** Provided data follows **

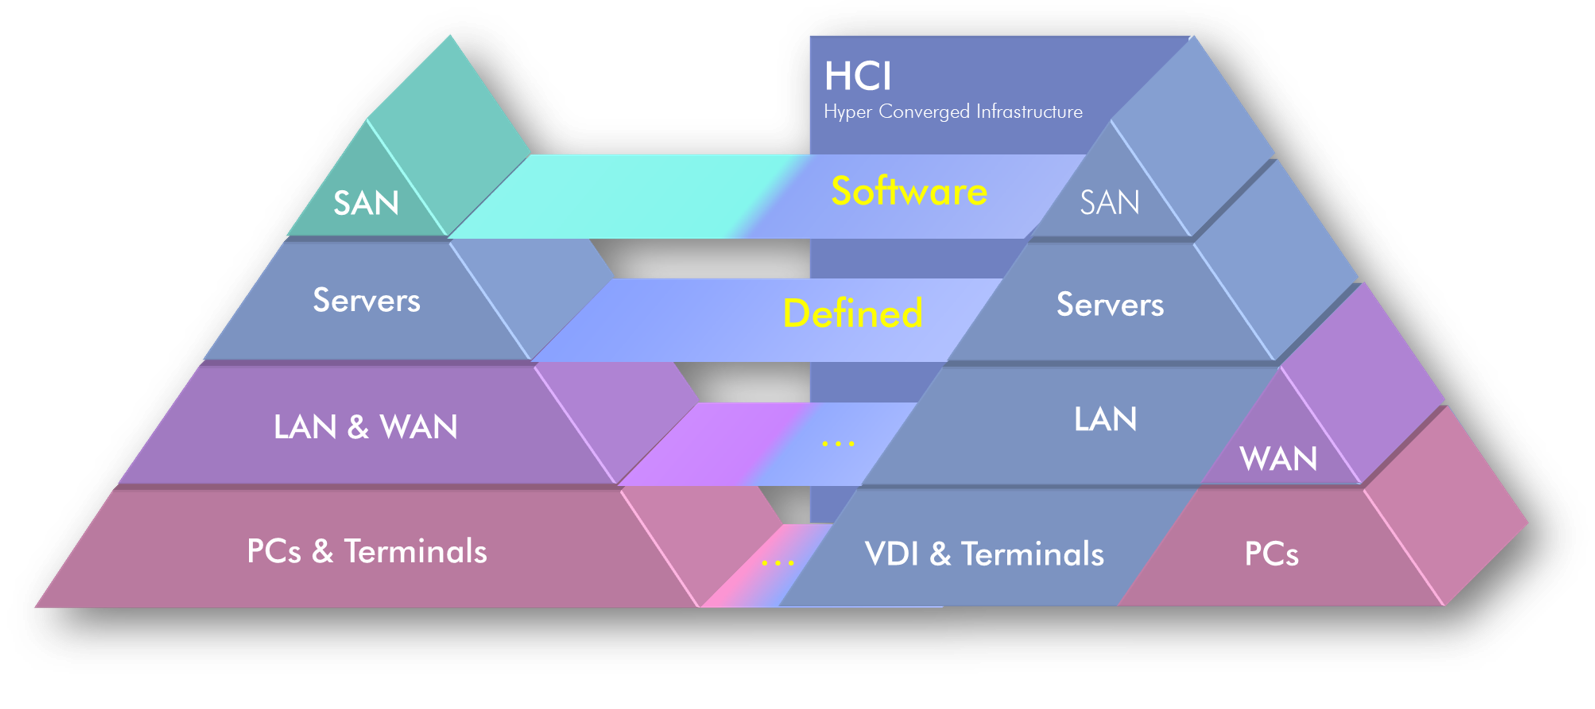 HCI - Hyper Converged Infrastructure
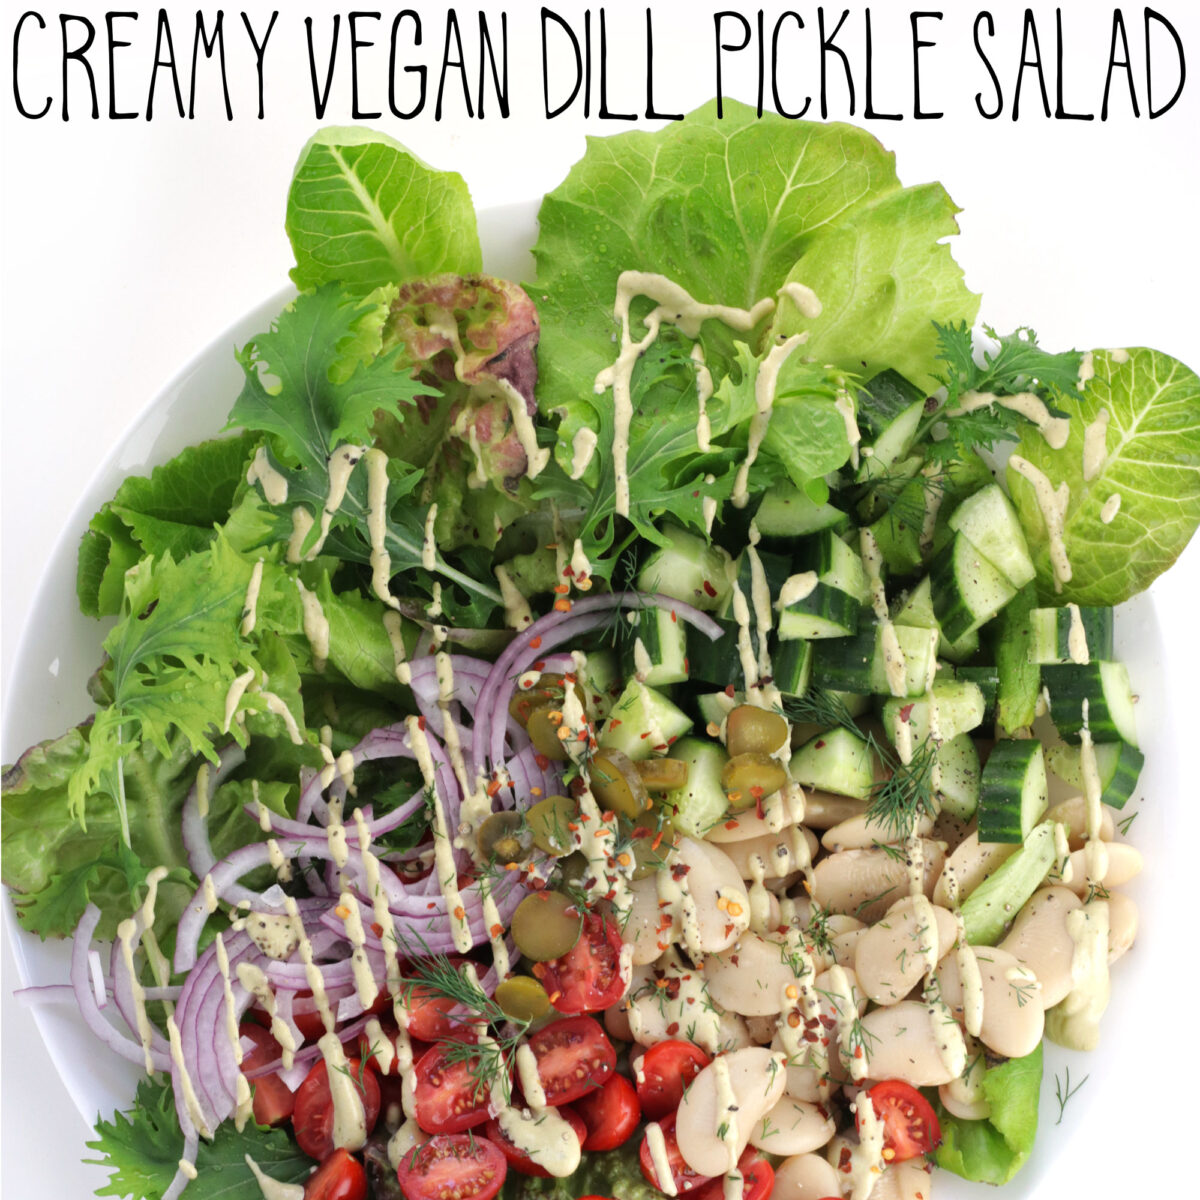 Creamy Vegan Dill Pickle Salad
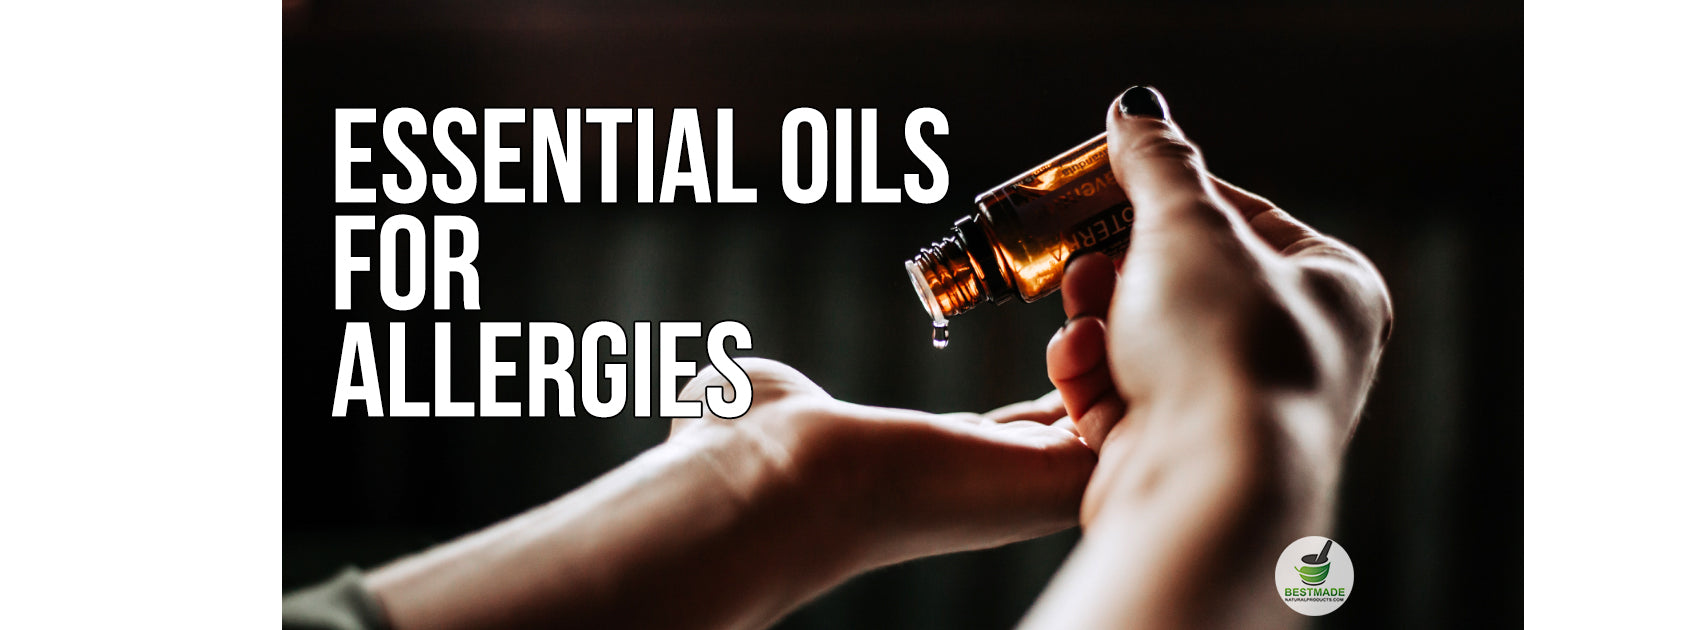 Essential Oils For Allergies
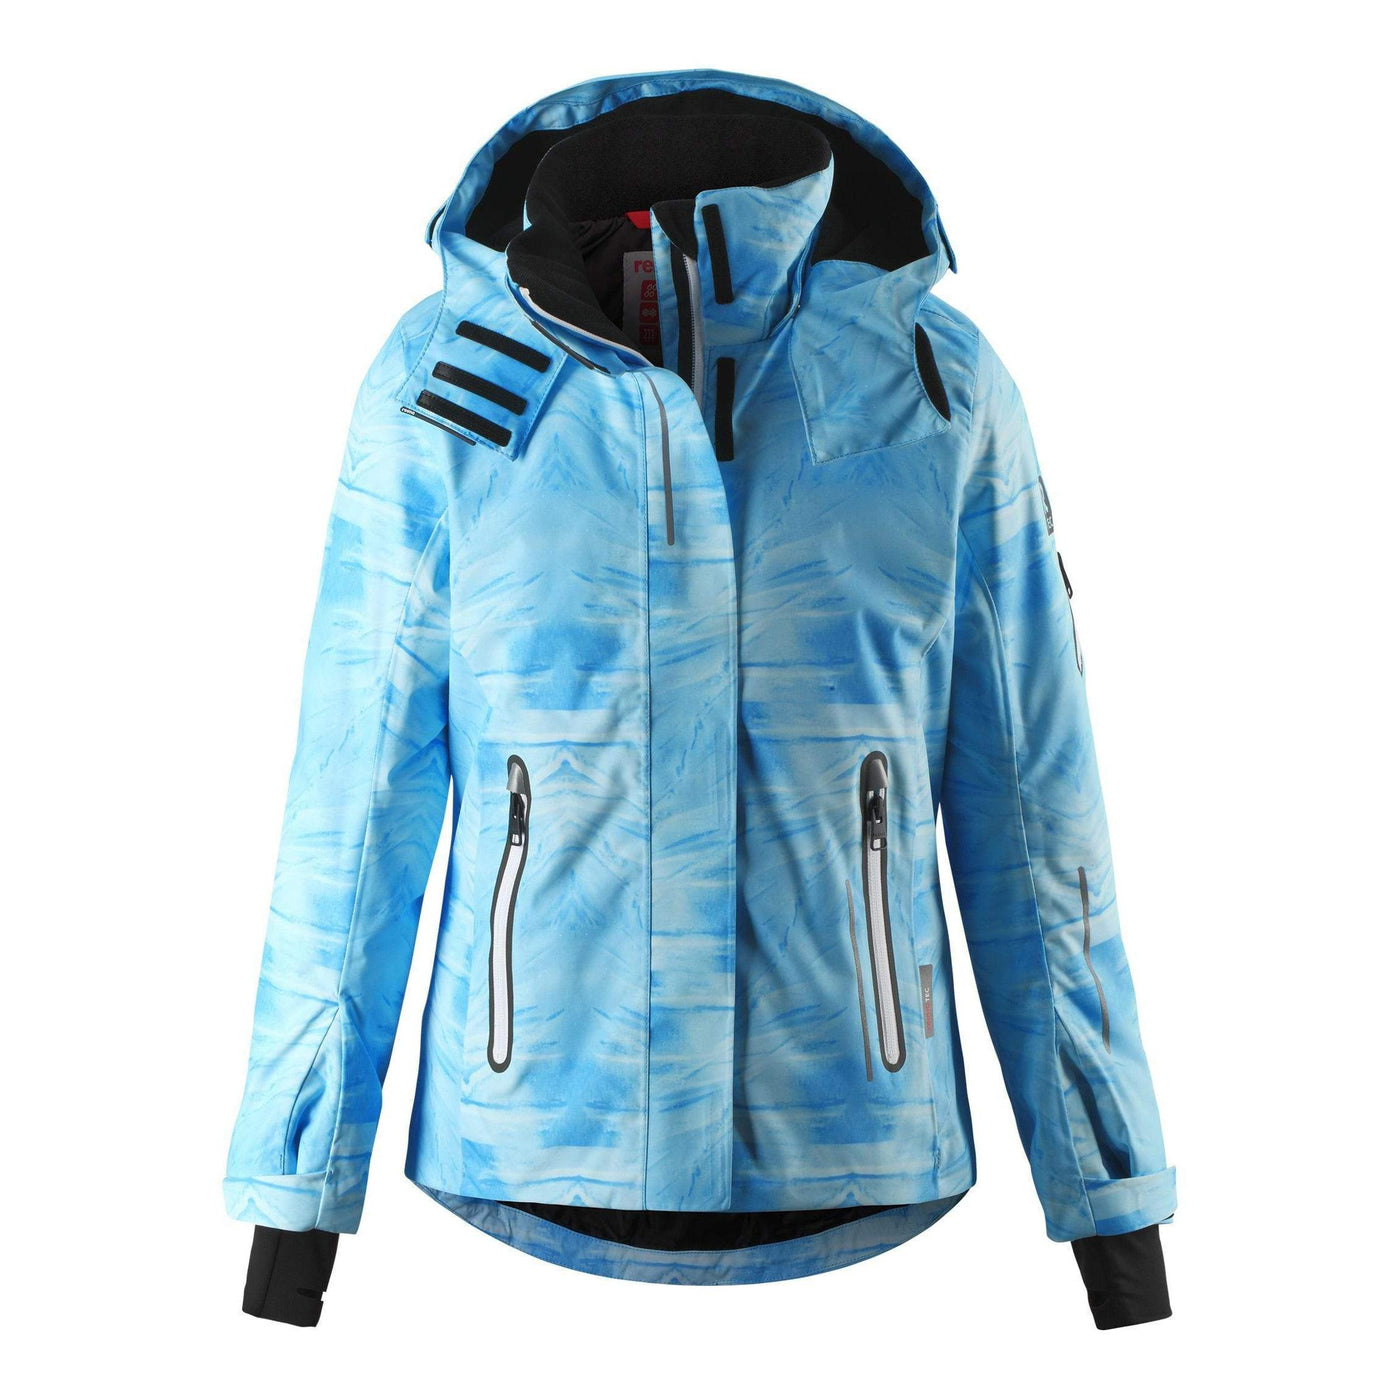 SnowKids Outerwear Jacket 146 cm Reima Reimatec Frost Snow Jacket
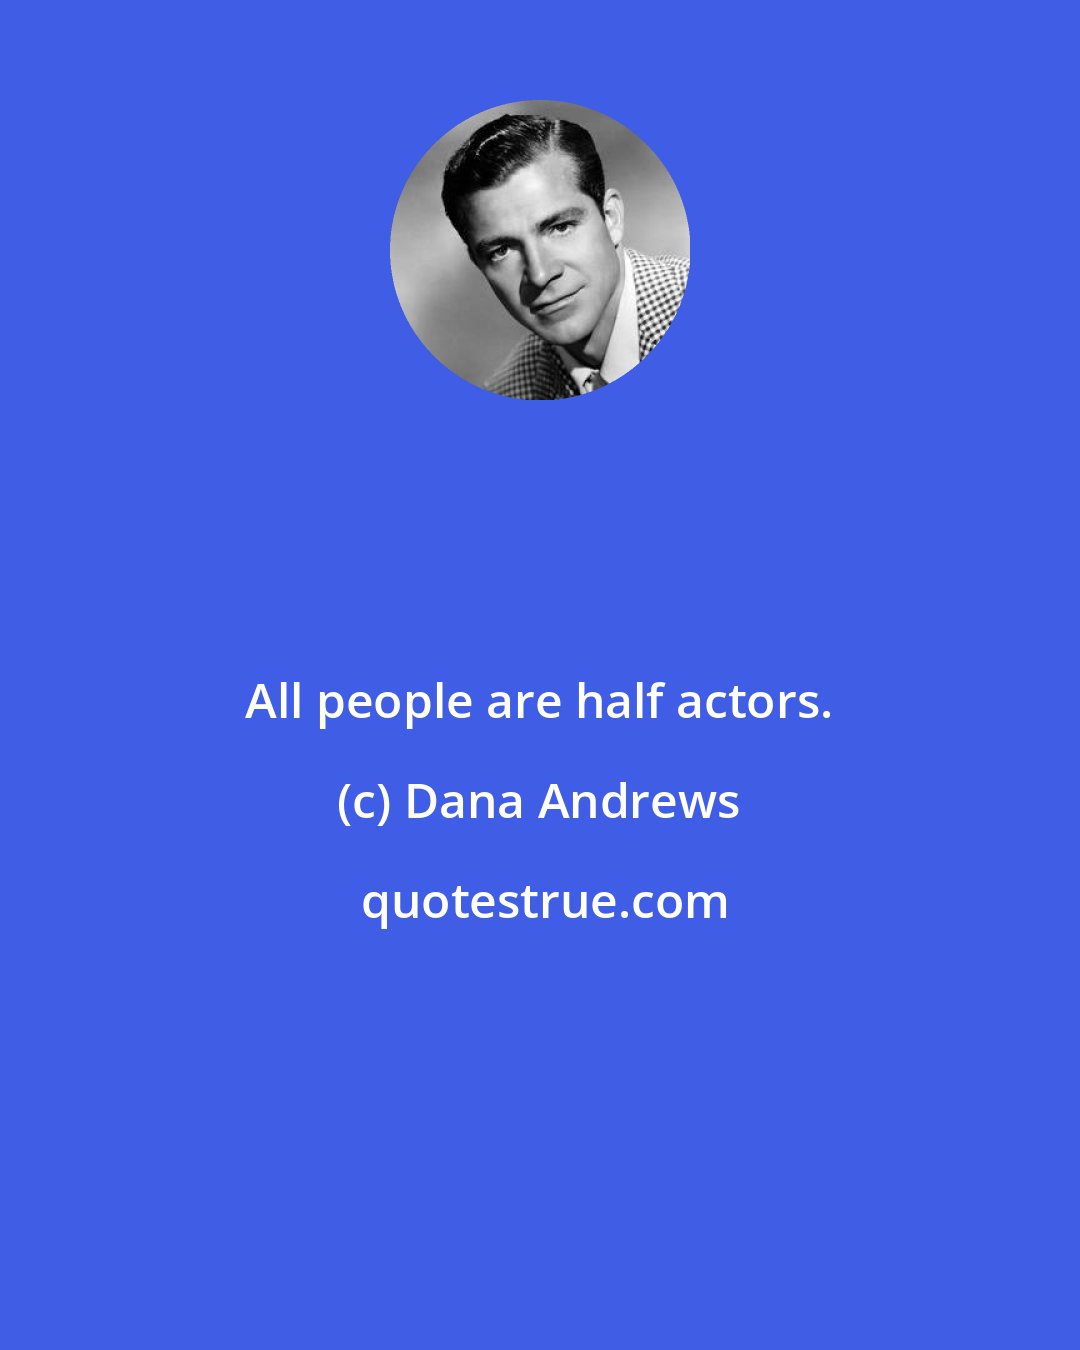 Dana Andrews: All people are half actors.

** End of Provided data **

-- Assigned task --
Please retype every entry above exactly, leaving out any picture.

-- Output --
 HCI - Hyper Converged Infrastructure
 Creamy Vegan Dill Pickle Salad
 Essential Oils For Allergies
 SnowKids Outerwear Jacket 146 cm Reima Reimatec Frost Snow Jacket
 Dana Andrews: All people are half actors.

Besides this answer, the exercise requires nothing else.